Hi,
I implemented a triton kernel that is called inside a torch.autograd.Function
. When using it in my training, I got an OOM. This led me to believe that activation checkpointing doesn’t work with torch.autograd.Function
. I guess when I explicitly save tensors to the ctx
they actually get saved and torch.utils.checkpoint
doesn’t do anything about that. Is that correct? If so, how should I adapt my code to also support checkpointing?

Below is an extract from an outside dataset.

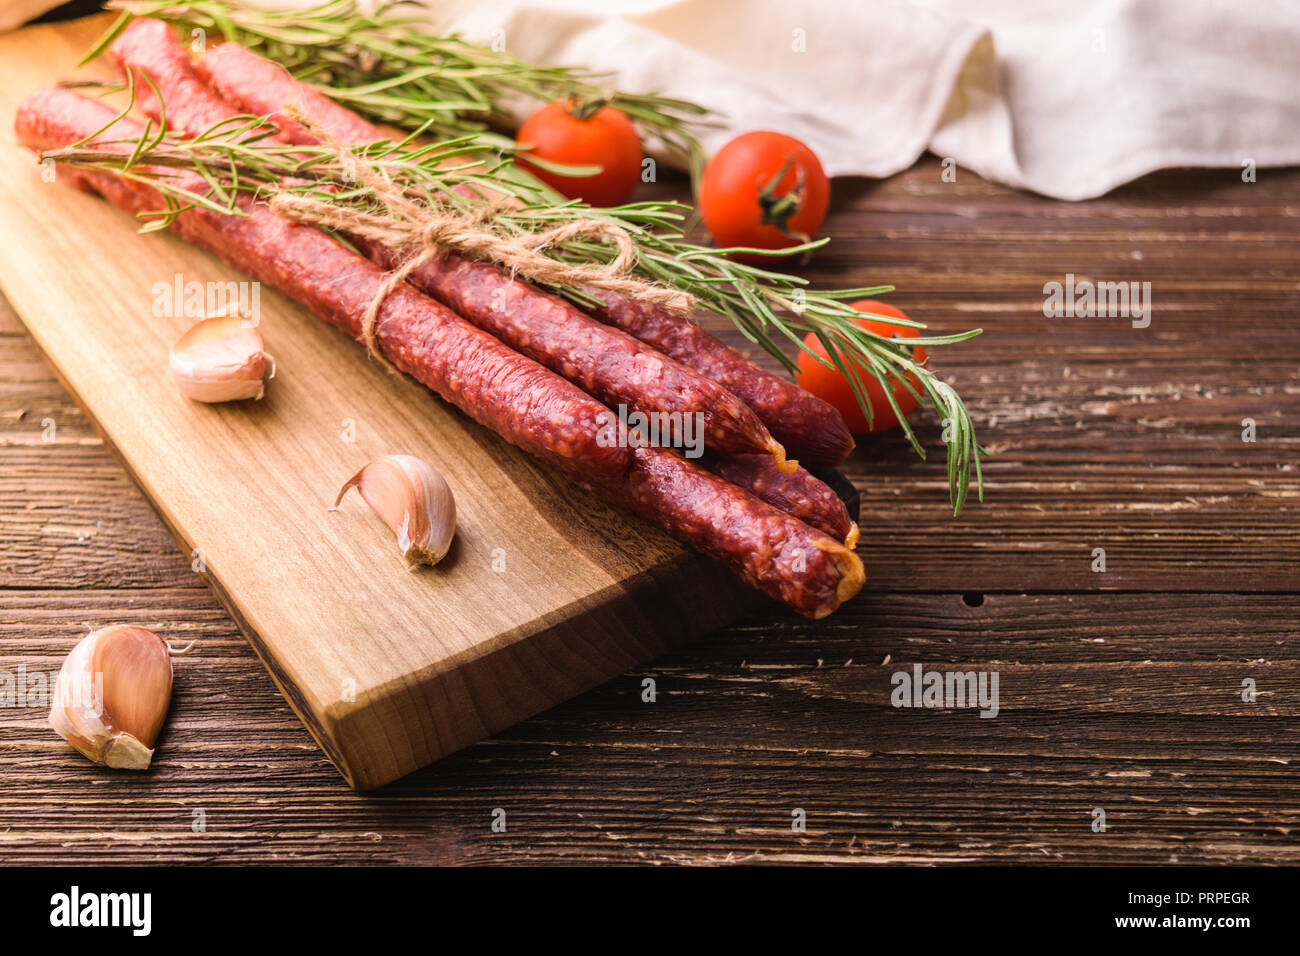 Kabanosy - smoked traditional polish pork sausages on wooden cutting board. With rosemary herb, garlic cloves and tomatoes. On rustic wooden table Stock Photo

Also, I played around with the checkpoint
function using this script on one V100 GPU (32GB of VRAM).
import torch
from torch.nn import Linear
from torch.utils.checkpoint import checkpoint
from torch.autograd import Function
class LinearFun(Function):
@staticmethod
def forward(ctx, inp, weight):
ctx.save_for_backward(inp, weight)
return inp @ weight.T
@staticmethod
def backward(ctx, grad_output):
inp, weight = ctx.saved_tensors
grad_w = grad_output.T @ inp
grad_inp = grad_output @ weight
return grad_inp, grad_w
class NewLinear(Linear):
def __init__(self, *args, **kwargs):
super().__init__(*args, **kwargs)
def forward(self, inp):
return LinearFun.apply(inp, self.weight)
class Model(torch.nn.Module):
def __init__(self):
super().__init__()
self.l1 = Linear(1024, 1024)
self.l2 = Linear(1024, 1024)
self.l3 = Linear(1024, 1)
# self.l1 = NewLinear(1024, 1024)
# self.l2 = NewLinear(1024, 1024)
# self.l3 = NewLinear(1024, 1)
def forward(self, inp):
inp = self.l1(inp)
inp = self.l2(inp)
inp = self.l3(inp)
return inp
model = Model().cuda()
inp = torch.randn(int(1e6), 1024, device="cuda")
# <---- USE CHECKPOINTING
out = checkpoint(model, inp, use_reentrant=False)
# <---- NOT USING CHECKPOINTING
# out = model(inp)
loss = out.sum()
print('========= before backward =========')
loss.backward()
print('========= after backward =========')
I tweaked the number of inputs to int(1e6)
since that brings both scenarios to an OOM. But I don’t see that the checkpointing allows me to got to higher input dimensions.
Am I missing something?